Seit dem Aufkommen von Netflix & Co haben sich die Gleichungen im Hollywoodgeschäft in einem Ausmaß verändert, auf das anscheinend niemand recht vorbereitet war. Tentpoles wie die Eskapaden im Marvel-Universum, die in den Kinos eine Milliarde einspielen müssen, um rentabel zu sein, könnten zum Auslaufmodell werden. Derzeit herrscht noch heillose Verunsicherung, wie bei hybriden Starts "back end"–Gagen, also Gewinnbeteiligungen an nachgeschalteten Verwertungsformen, verhandelt werden soll. (Nachgeschaltet sind sie inzwischen streng genommen ja nicht mehr, da die Filme gleichzeitig in den unterschiedlichen Medien herauskommen.) Warner Brothers reagierten zum Jahreswechsel auf den Sturm der Empörung, der ihnen entgegenschlug (siehe die Einträge "Daseinsvorsorge" und "Eine Entfremdung" vom 18. bzw. 19.12. 2020), in dem sie Patty Jenkins und Gal Gadot für »Wonder Woman II« jeweils einen Bonus von 10 Millionen Dollar zahlten. Weitere von Warners hybrider Auswertung betroffene Talente, darunter Will Smith und Denzel Washington, sollen aus einem Topf von 200 Millionen abgegolten werden. Andere Quellen sprechen von 250 Millionen, was zeigt, wie wenig transparent das Gebaren der Studios derzeit ist.

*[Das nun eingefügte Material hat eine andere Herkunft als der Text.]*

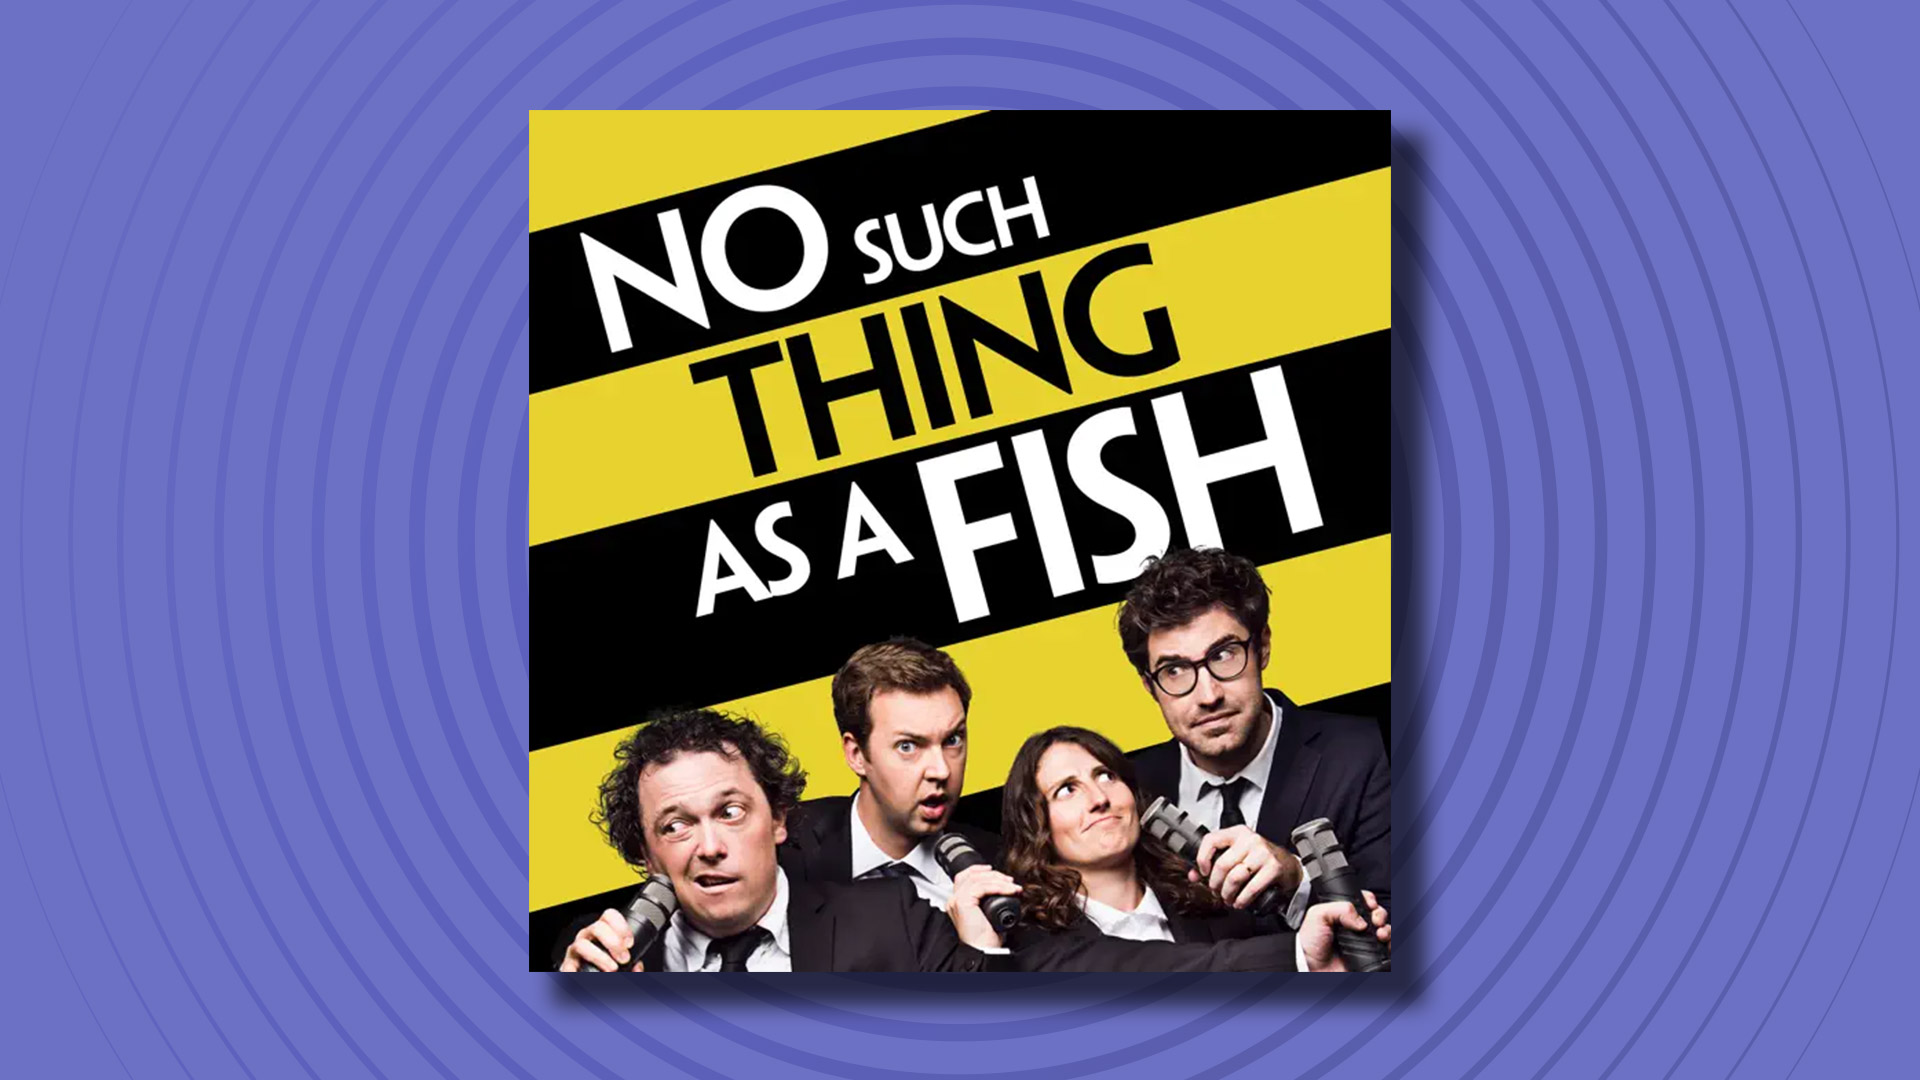 The logo of the No Such Thing as a Fish podcast on a purple background

An einer Offenlegung von Zahlen ist auch Disney momentan nicht gelegen. Zwar verkündete der Konzern stolz, »Black Widow« habe in der Startwoche 60 Millionen Dollar auf Disney+ eingebracht (was zwei Millionen Abonennten entspricht, die bereit waren, dafür 29,99 Dollar extra zu zahlen). Über die Ergebnisse der Folgewochen schweigt man sich aus, was auf eine enttäuschende Entwicklung schließen lassen könnte. Der Börsenkurs schnellte jedoch, wie von Disney erhofft, in die Höhe. Brancheninsider gehen davon aus, dass in ähnlichen Fällen längst hinter verschlossenen Türen nachträgliche Vereinbarungen ausgehandelt werden. In den Verträgen zum gerade angelaufenen »Jungle Cruise« wurden bereits Bonuszahlungen festgelegt, die durch die Verwertung auf Disney+ fällig werden.

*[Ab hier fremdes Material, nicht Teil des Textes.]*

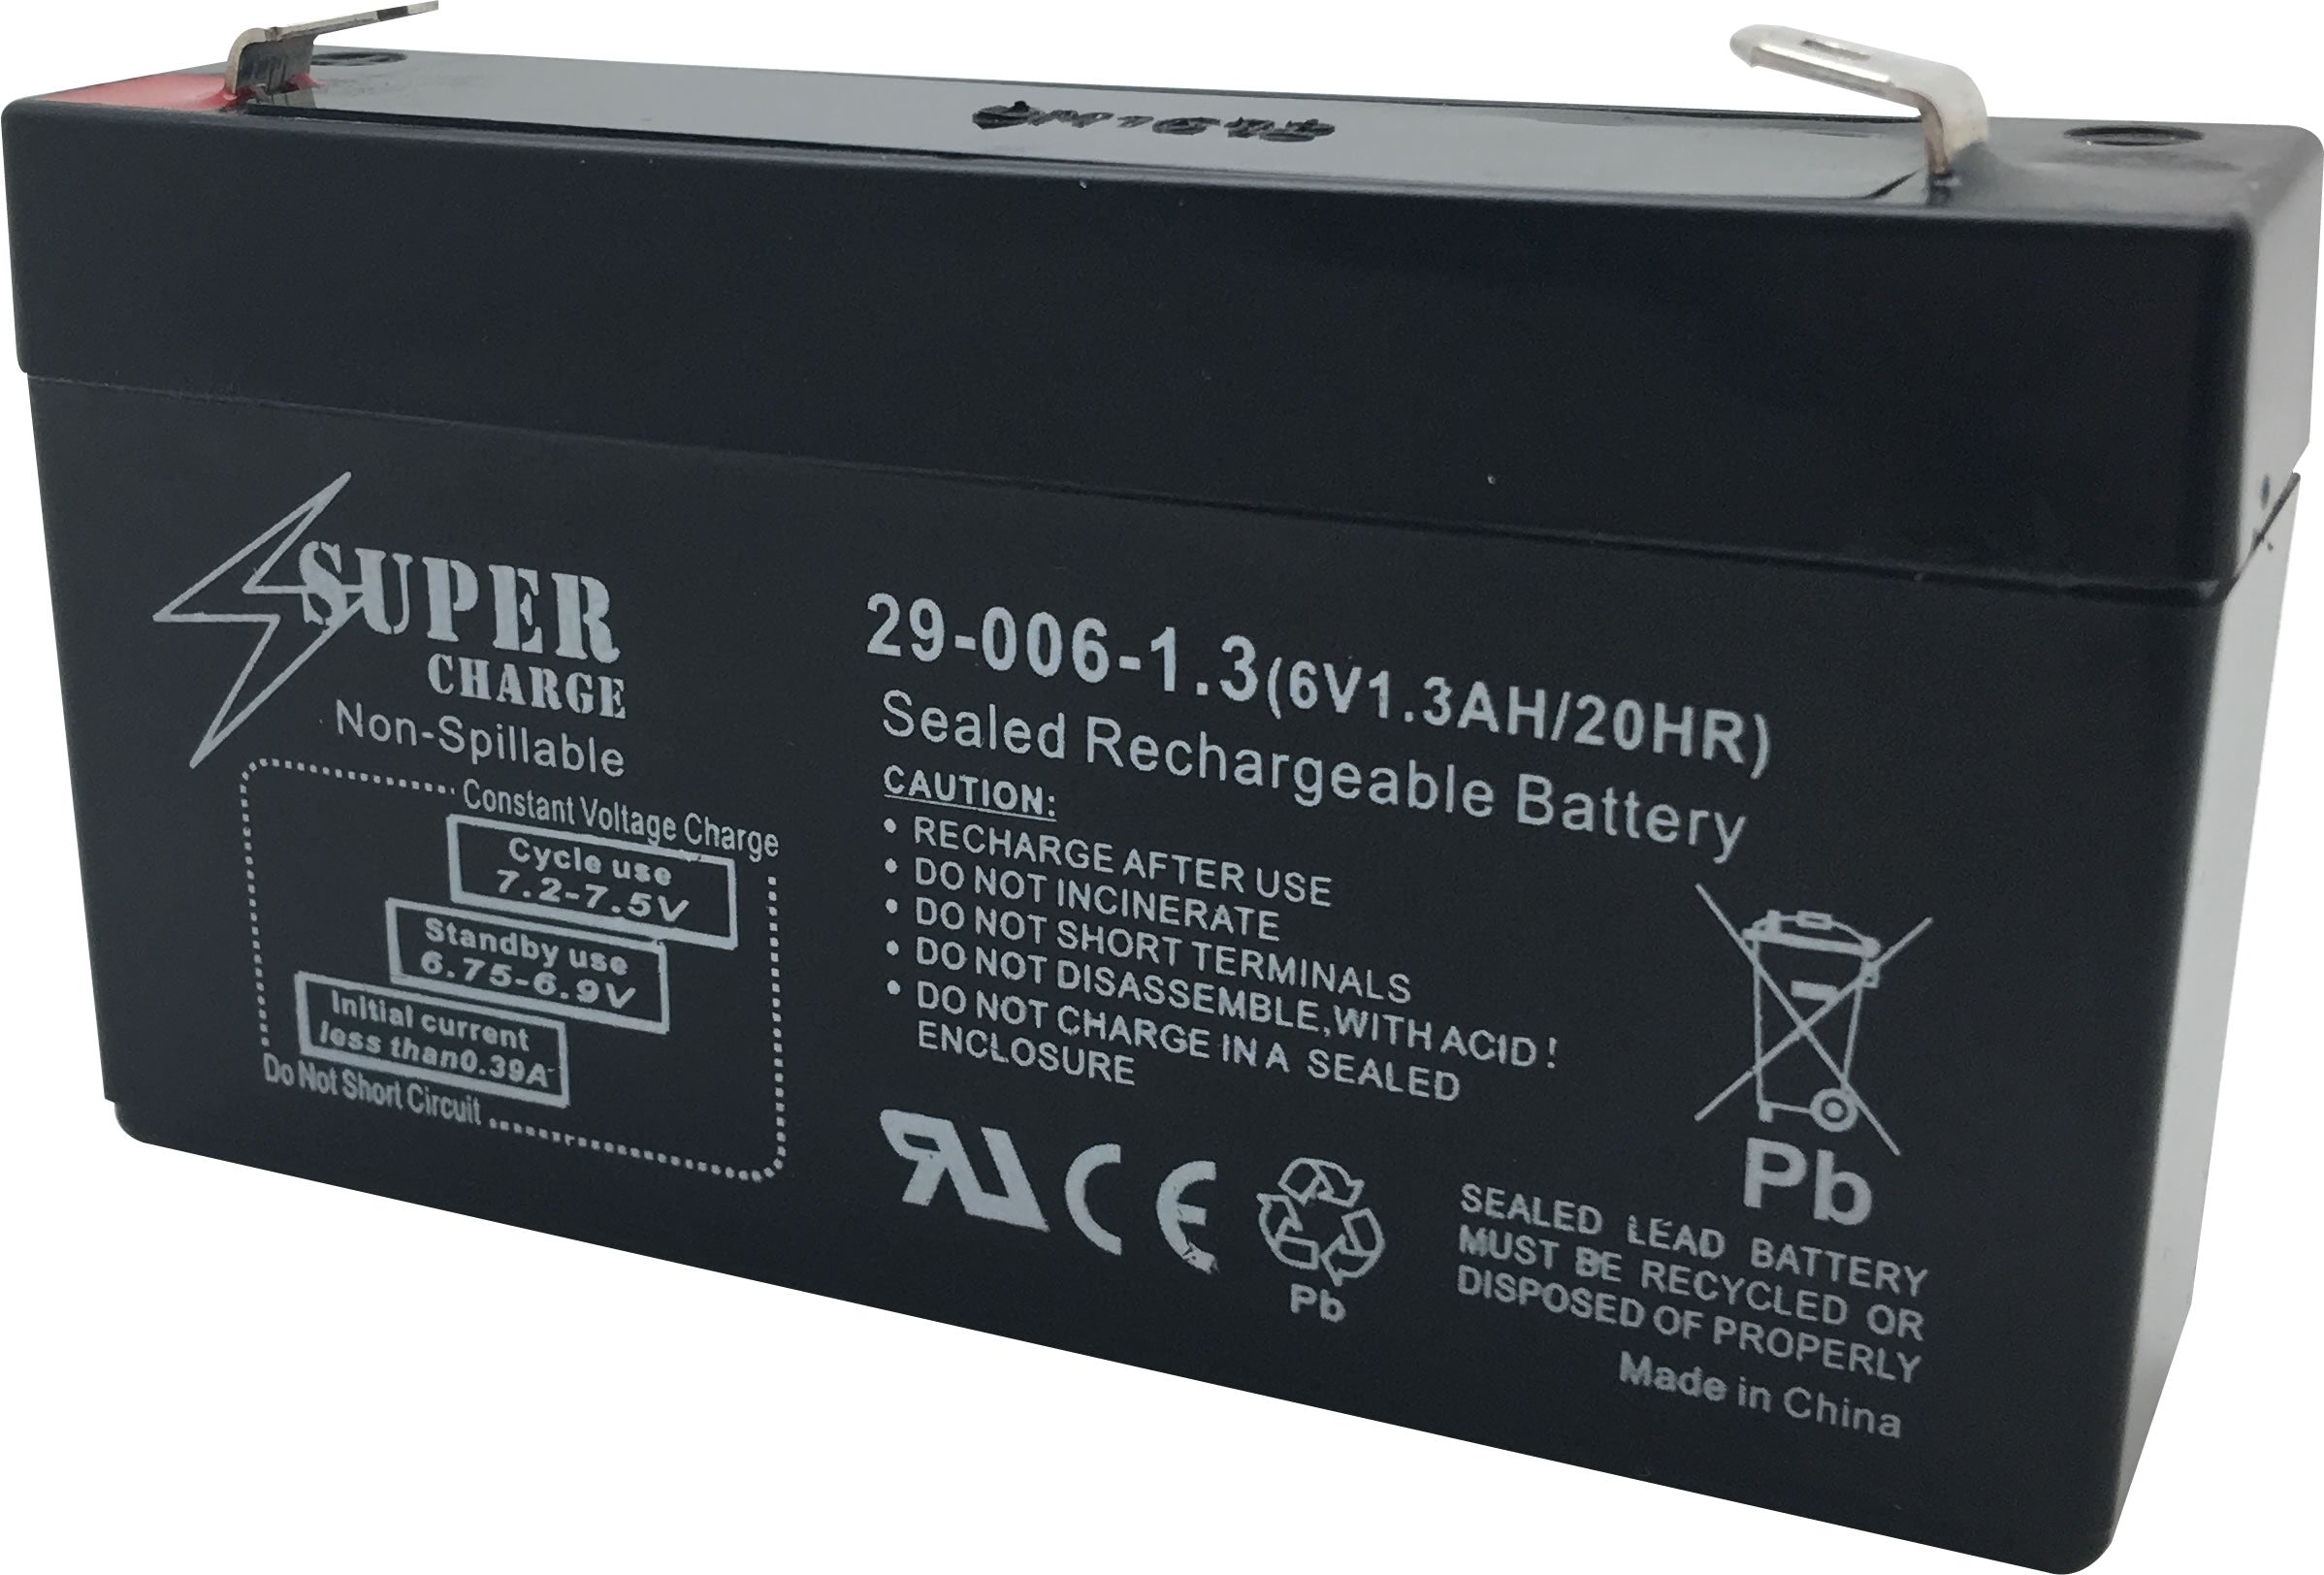 29-006-1.3 Rechargeable Battery 6V 1.3AH 20HR

Johansson hingegen ist an die Öffentlichkeit getreten und hat diese anscheinend sogleich auf ihre Seite gebracht. Sie scheut das offene Wort nicht. Zum Filmstart etwa hat sie die Sexualisierung ihrer Figur in vorherigen Avengers-Episoden heftig beklagt. Ihr Mut stößt auch unter KollegInnen auf großen Zuspruch. Die erste Reaktion der Disney-Leitung auf die Klage hat sich zu einem PR-Desaster entwickelt. Sie sei erschüttert, ließ sie verlauten, welchen Mangel an Mitgefühl für die Opfer der Pandemie die Forderungen der Schauspielerin demonstrierten. Selbst wenn sich zwischen beidem ein Zusammenhang konstruieren ließe, ist das eine zynische Argumentation von Seiten eines Konzerns, der 30000 Angestellte entlässt, um weiterhin Dividenden auszahlen zu können. Verbände wie "Women in Film" und "Time's up" zeihen Disney eines frauenfeindlichen Charakterangriffs. Wieder einmal stehen sich in einer aktuellen Debatte also Maximalpositionen unversöhnlich gegenüber.

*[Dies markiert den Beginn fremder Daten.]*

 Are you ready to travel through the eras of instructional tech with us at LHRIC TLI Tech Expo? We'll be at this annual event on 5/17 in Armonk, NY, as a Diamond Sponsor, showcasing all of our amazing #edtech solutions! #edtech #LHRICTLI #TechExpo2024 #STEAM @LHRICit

Brancheninsider bewerten die Erfolgsaussichten der Klage bisher mehrheitlich als hoch. Eine möglicherweise grundlegende Frage ist aber schon einmal, wer überhaupt verklagt werden kann, Marvel Studios oder deren Eigentümer Disney? Johanssons Rechtsvertreter werden sich dies vorher überlegt haben. Jedoch gibt es bei zentralen Klauseln ihres Vertrag einen gewissen Interpretationsspielraum. Als Johansson ihn unterschrieb, konnte sie davon ausgehen, dass ihr Film einen breit angelegten Start in mehr als 1500 Kinos haben solle (tatsächlich waren es 4000) und das Studio ein Fenster von 90 bis 120 Tagen einhalten würde, bis es ihn auf Heimmedien auswertet. Da bewegt man sich im heiklen Bereich der vorherrschenden juristischen Meinung. Dass sich dies damals verstand, könnten Disneys Rechtsvertreter als heute nicht mehr bindend auslegen. Johanssons Anwälte verweisen jedoch auf die Email eines Justitiars, der für den Fall einer Änderung der Verwertungskette entsprechende Nachverhandlungen zusicherte. Wie auch immer das Verfahren ausgeht – das Tischtuch zwischen Johansson und Disney scheint zerrissen. Vielleicht hat sie nun wieder mehr Zeit, in kleineren Filmen wie »Marriage Story« mitzuspielen. An dessen Ende fängt für die streitenden Parteien ein neues Kapitel an und es zeigt sich, dass Wandel nie ohne Zuversicht auskommt. Das ist im Filmgeschäft seit 1895 so.